Com João de Deus preso, acusado de múltiplos crimes sexuais, sua defesa foi ao Supremo Tribunal Federal tentar um habeas corpus. Era dezembro de 2018. O pedido parou primeiro no gabinete do ministro Gilmar Mendes. Ele se disse suspeito para julgar. Sorteado em seguida, Luiz Fux também declinou.

Ricardo Lewandowski, a terceira tentativa, topou analisar a petição e não liberou o médium da prisão. Mas dois outros colegas da mais alta corte do país, Luís Roberto Barroso e Dias Toffoli, também já haviam passado por alguma terapia espiritual com João. Idem para os ex-ministros Carlos Ayres Britto e Joaquim Barbosa.

Homem e mulher vestidos de branco olham para a câmera
João de Deus ao lado da apresentadora Xuxa - Reprodução/Globoplay

Em depoimento a um advogado-biógrafo, anos antes de virar presidiário, João de Deus lembrou de já presentes borrões policiais em sua trajetória. "É verdade que fui vítima de injustiças: acusações improcedentes e prisões ilegais. Também é verdade que muitos policiais, promotores de Justiça, juízes de Direito, políticos e até mesmo ministros me protegeram."

A declaração foi recuperada pela jornalista Cristina Fibe no recém-lançado "João de Deus - O Abuso da Fé", dedicado a entender como por décadas tantas pessoas fecharam os olhos, por cegueira ou cumplicidade, para o abusador serial que se escondia sob a fama de maior médium vivo do Brasil.

O livro de Fibe se soma a uma safra de obras literárias (como o ótimo "A Casa", de Chico Felitti) e audiovisuais (Netflix e Globoplay produziram as suas) sobre o tema. Uma particularidade aqui: ela estava na linha de frente do caso, como parte da equipe que revelou na imprensa as acusações contra o curador.
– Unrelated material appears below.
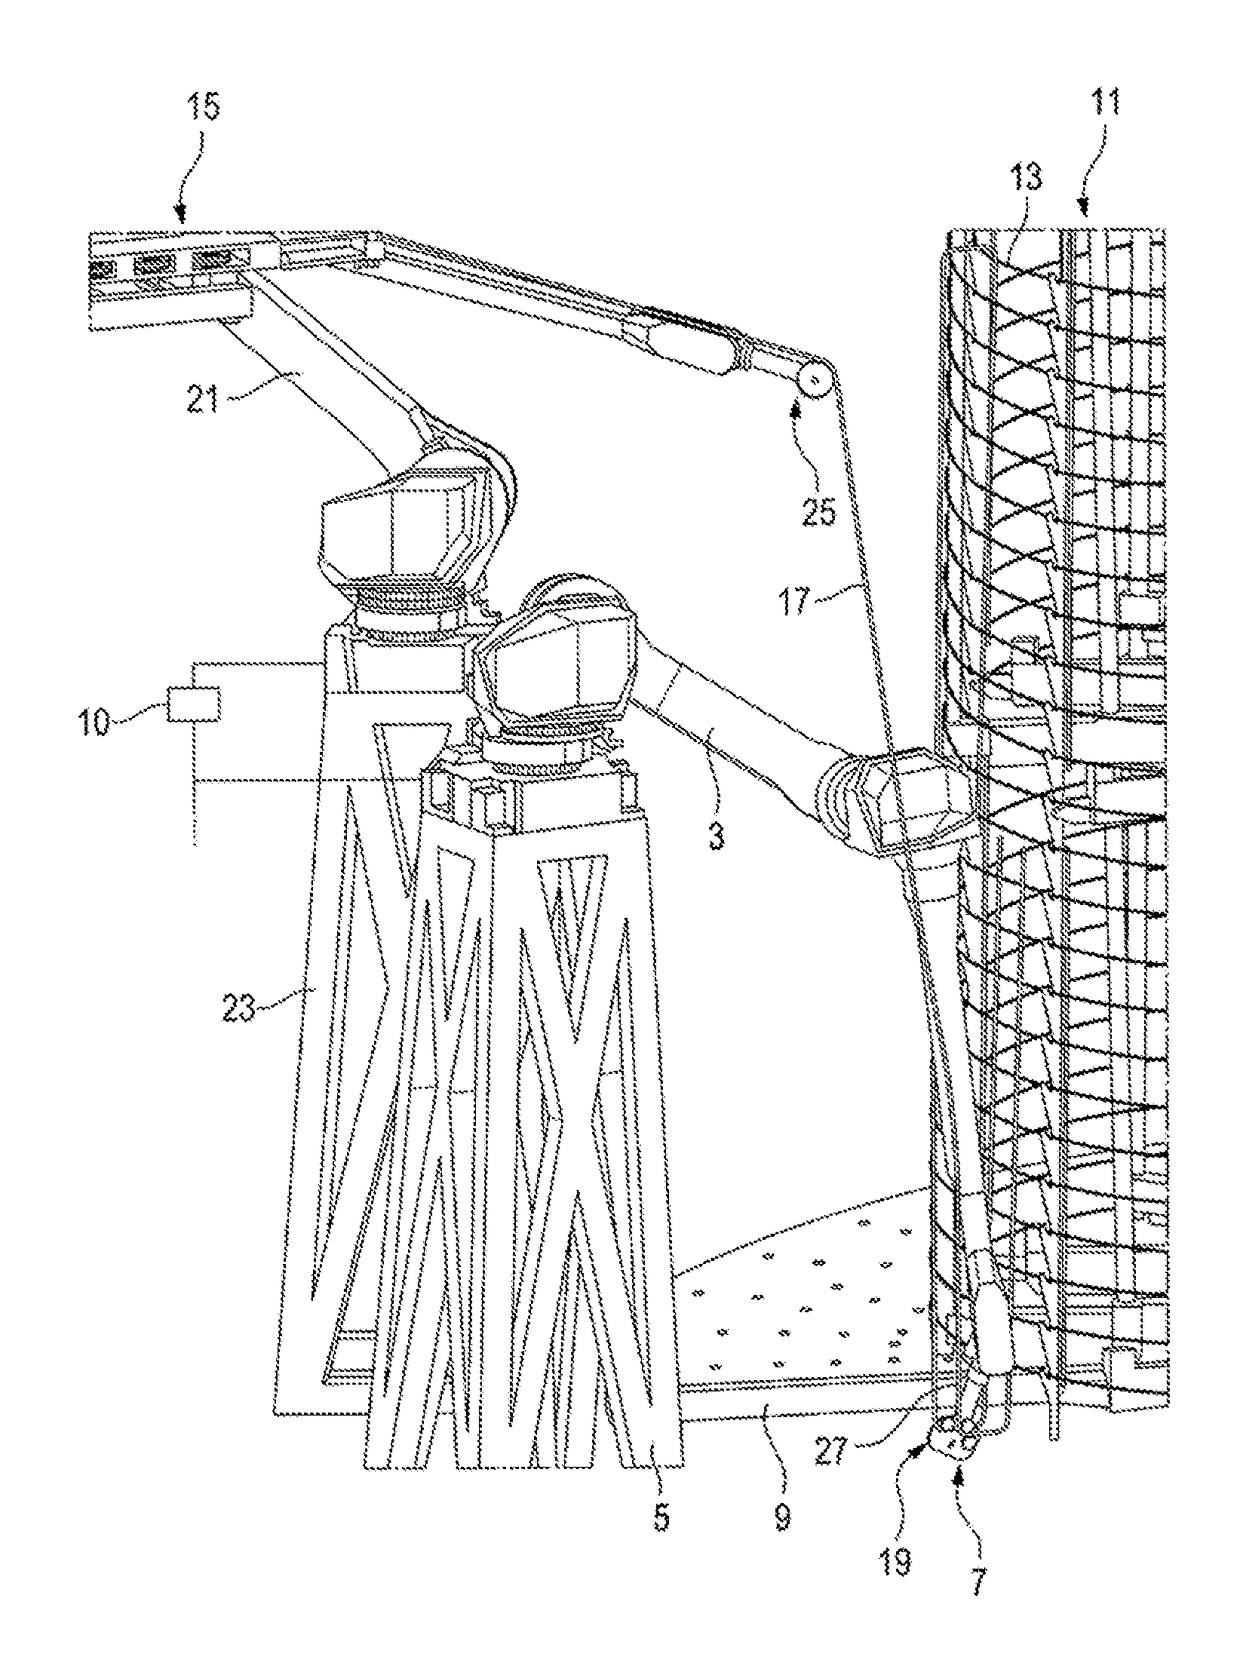 Installation for producing reinforcement cages for tower segments of wind turbines

Logo no começo, há a reconstituição de um assédio de uma mulher que, com problemas no útero, massageia a barriga de João a pedido dele. Um suposto tratamento. "Foi quando ele pediu pra eu baixar mais a mão. O pênis dele estava como se estivesse saindo da calça pela parte de cima", ela relembra.

Nessa cena, fica clara a popularidade do fundador da Casa de Dom Inácio de Loyola entre poderosos. Bastava olhar as paredes do aposento onde a "Vítima de Outubro" (assim as autoridades a chamavam) foi abusada dois meses antes de João ser denunciado na mídia.

Estavam forradas com retratos dele ao lado de bambambãs da arte e da política. O ex-presidente Luiz Inácio Lula da Silva (PT), por exemplo, foi emoldurado sorrindo, acompanhado por Marisa Letícia e pela faixa presidencial. Autografou a foto para "meu amigo João".

Se João fez o que fez, e por tanto tempo, é porque sentia que podia escapar impunemente. O relato de ex-governador de Goiás Marconi Perillo (PSDB), do estado onde ficava o centro de cura, corrobora uma tática usada pelo médium desde que ele se estabeleceu em Abadiânia, no fim dos anos 1970: deixar claro que era próximo ao poder, e ai de quem se metesse com ele.

"Você vê como ele tinha força: ele foi ao Palácio [das Esmeraldas] em audiência comigo uma ou duas vezes. [...] Da última vez em que ele esteve comigo [lá], perguntou: ‘Você conhece o presidente da República, tem relação com ele?’. Falei: ‘Conheço, mas não tenho tanta relação…’. E ele: "Vou ligar pra ele aqui na sua frente". E então pegou o telefone celular, ligou, e a pessoa atendeu na hora."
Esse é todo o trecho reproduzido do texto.